Machine: 8 × AMD Ryzen 5 2500U on Linux.

```
All
  Unicode.Char.Case.Compat
    isLower
      base:           OK (1.19s)
        17.1 ms ± 241 μs
      unicode-data:   OK (0.52s)
        3.58 ms ± 125 μs, 0.21x
    isUpper
      base:           OK (0.63s)
        17.5 ms ± 359 μs
      unicode-data:   OK (1.02s)
        3.58 ms ±  48 μs, 0.21x
    toLower
      base:           OK (0.59s)
        16.3 ms ± 524 μs
      unicode-data:   OK (0.80s)
        5.63 ms ± 129 μs, 0.35x
    toTitle
      base:           OK (3.91s)
        14.9 ms ± 427 μs
      unicode-data:   OK (2.84s)
        5.31 ms ±  37 μs, 0.36x
    toUpper
      base:           OK (2.12s)
        15.4 ms ± 234 μs
      unicode-data:   OK (0.86s)
        5.80 ms ± 159 μs, 0.38x
  Unicode.Char.General
    generalCategory
      base:           OK (1.16s)
        16.6 ms ± 534 μs
      unicode-data:   OK (0.62s)
        4.14 ms ± 103 μs, 0.25x
    isAlphaNum
      base:           OK (0.62s)
        17.1 ms ± 655 μs
      unicode-data:   OK (0.97s)
        3.59 ms ±  51 μs, 0.21x
    isControl
      base:           OK (0.63s)
        17.6 ms ± 494 μs
      unicode-data:   OK (0.57s)
        3.59 ms ±  90 μs, 0.20x
    isMark
      base:           OK (0.34s)
        17.6 ms ± 695 μs
      unicode-data:   OK (1.00s)
        3.59 ms ±  67 μs, 0.20x
    isPrint
      base:           OK (1.22s)
        17.7 ms ± 492 μs
      unicode-data:   OK (1.92s)
        3.56 ms ±  27 μs, 0.20x
    isPunctuation
      base:           OK (2.23s)
        16.6 ms ± 619 μs
      unicode-data:   OK (1.05s)
        3.60 ms ±  52 μs, 0.22x
    isSeparator
      base:           OK (1.15s)
        16.6 ms ± 439 μs
      unicode-data:   OK (0.49s)
        3.60 ms ±  85 μs, 0.22x
    isSymbol
      base:           OK (2.11s)
        16.1 ms ± 553 μs
      unicode-data:   OK (1.05s)
        3.58 ms ±  62 μs, 0.22x
  Unicode.Char.General.Compat
    isAlpha
      base:           OK (0.58s)
        17.2 ms ± 502 μs
      unicode-data:   OK (1.02s)
        3.58 ms ±  50 μs, 0.21x
    isLetter
      base:           OK (8.57s)
        16.4 ms ± 553 μs
      unicode-data:   OK (1.05s)
        3.58 ms ±  79 μs, 0.22x
    isSpace
      base:           OK (1.09s)
        7.56 ms ± 159 μs
      unicode-data:   OK (0.97s)
        3.58 ms ±  46 μs, 0.47x
  Unicode.Char.Numeric.Compat
    isNumber
      base:           OK (0.58s)
        15.7 ms ± 462 μs
      unicode-data:   OK (0.58s)
        3.58 ms ± 107 μs, 0.23x
```

### Partial integration of `unicode-data` into `base`

Since `base` 4.18, `unicode-data` has been
_partially_ [integrated to GHC](https://gitlab.haskell.org/ghc/ghc/-/merge_requests/8072),
so there should be no relevant difference.
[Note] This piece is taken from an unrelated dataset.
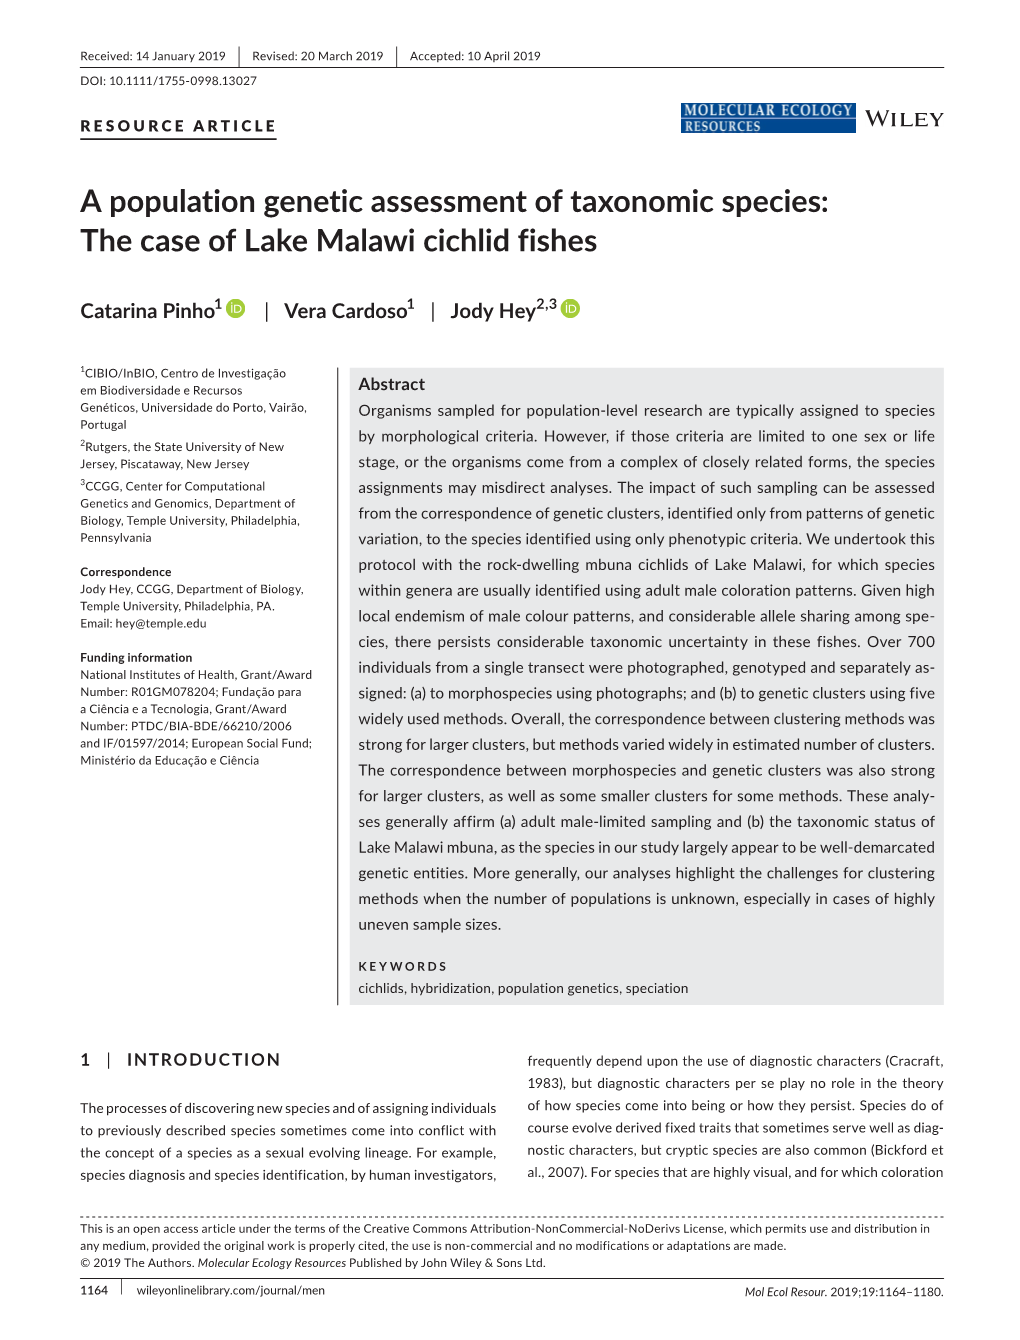 A Population Genetic Assessment of Taxonomic Species: the Case of Lake Malawi Cichlid Fishes

However, using `unicode-data` allows
to select the _exact_ version of Unicode to support, therefore not relying on
the version supported by GHC.

## Unicode database version update

To update the Unicode version please update the version number in
`ucd.sh`.

To download the Unicode database, run `ucd.sh download` from the top
level directory of the repo to fetch the database in `./ucd`.

```
$ ./ucd.sh download
```

To generate the Haskell data structure files from the downloaded database
files, run `ucd.sh generate` from the top level directory of the repo.

```
$ ./ucd.sh generate
```

## Running property doctests

Temporarily add `QuickCheck` to build depends of library.

```
$ cabal build
$ cabal-docspec --check-properties --property-variables c
```

## Licensing

`unicode-data` is an [open source](https://github.com/composewell/unicode-data)
project available under a liberal [Apache-2.0 license](LICENSE).

## Contributing

As an open project we welcome contributions.